* [Task brief] Below are the entries. Transcribe exactly the lines from the one with "Favourite things - Coffee, cake, zero" through the one with "hb images - Amsterdam bike - 3", ends included, and leave out all others.

* [Records for processing]
++++++++++

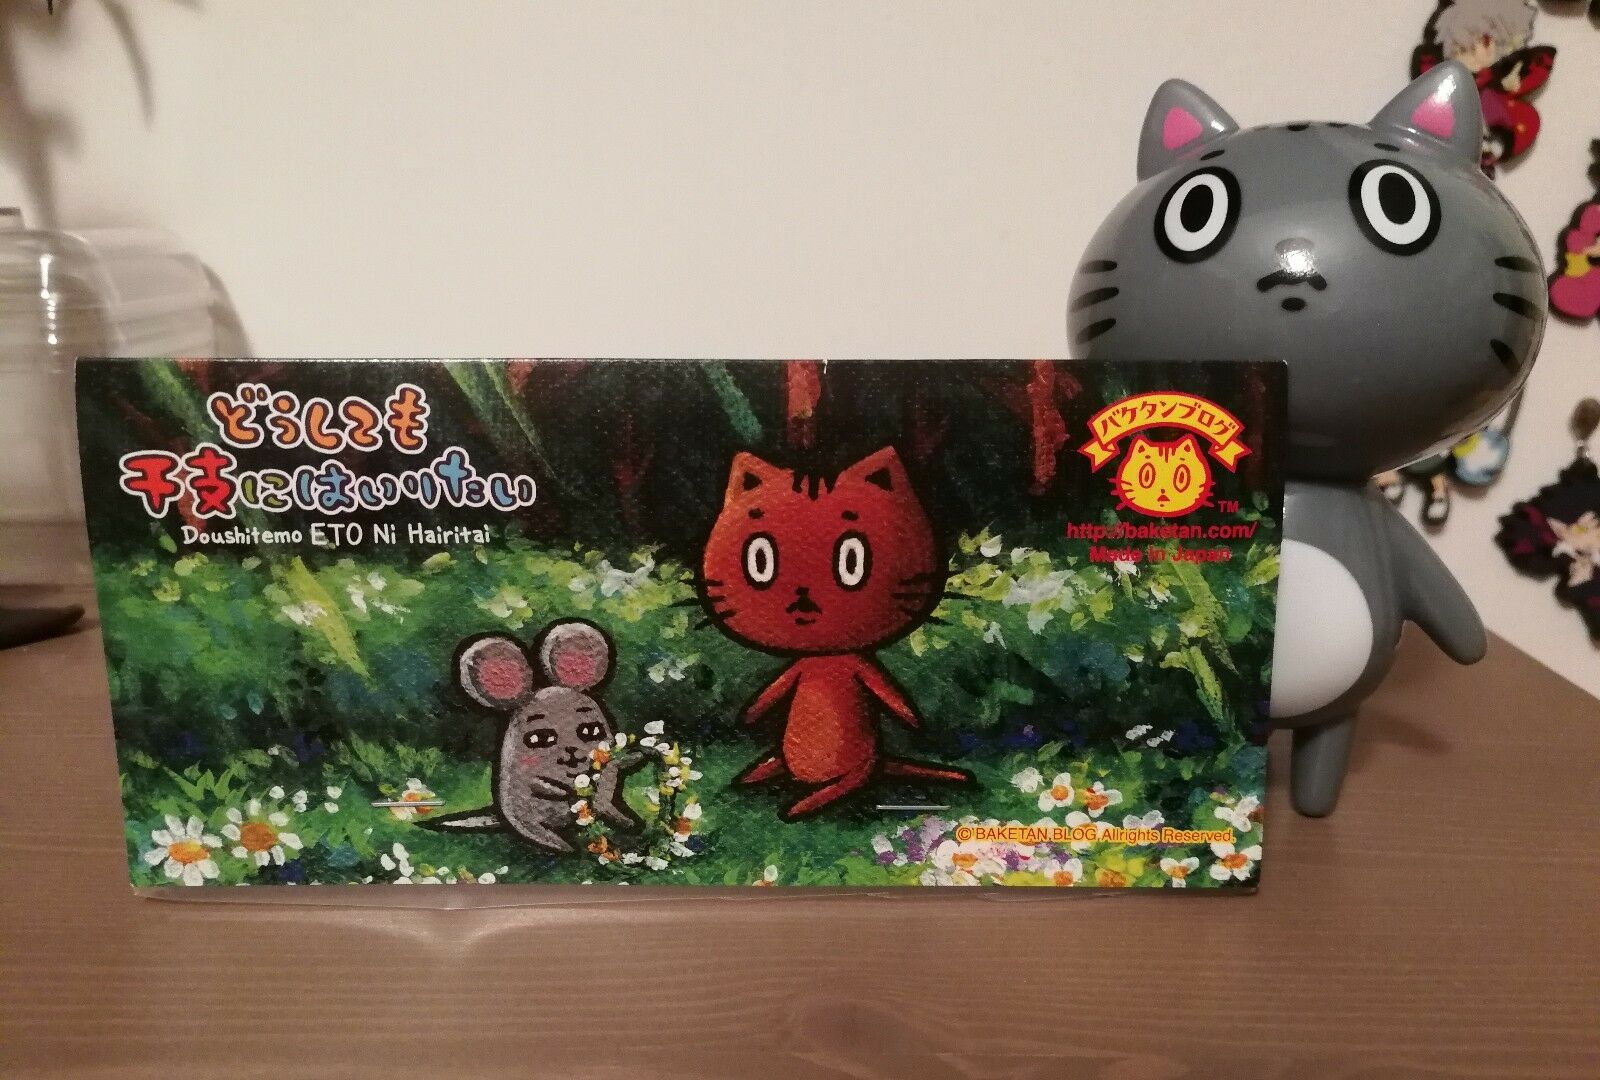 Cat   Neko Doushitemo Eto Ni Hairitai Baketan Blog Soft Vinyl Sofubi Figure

++++++++++

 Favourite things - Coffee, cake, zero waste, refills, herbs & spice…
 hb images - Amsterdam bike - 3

++++++++++

* [Written reply]
 Favourite things - Coffee, cake, zero waste, refills, herbs & spice…
 hb images - Amsterdam bike - 3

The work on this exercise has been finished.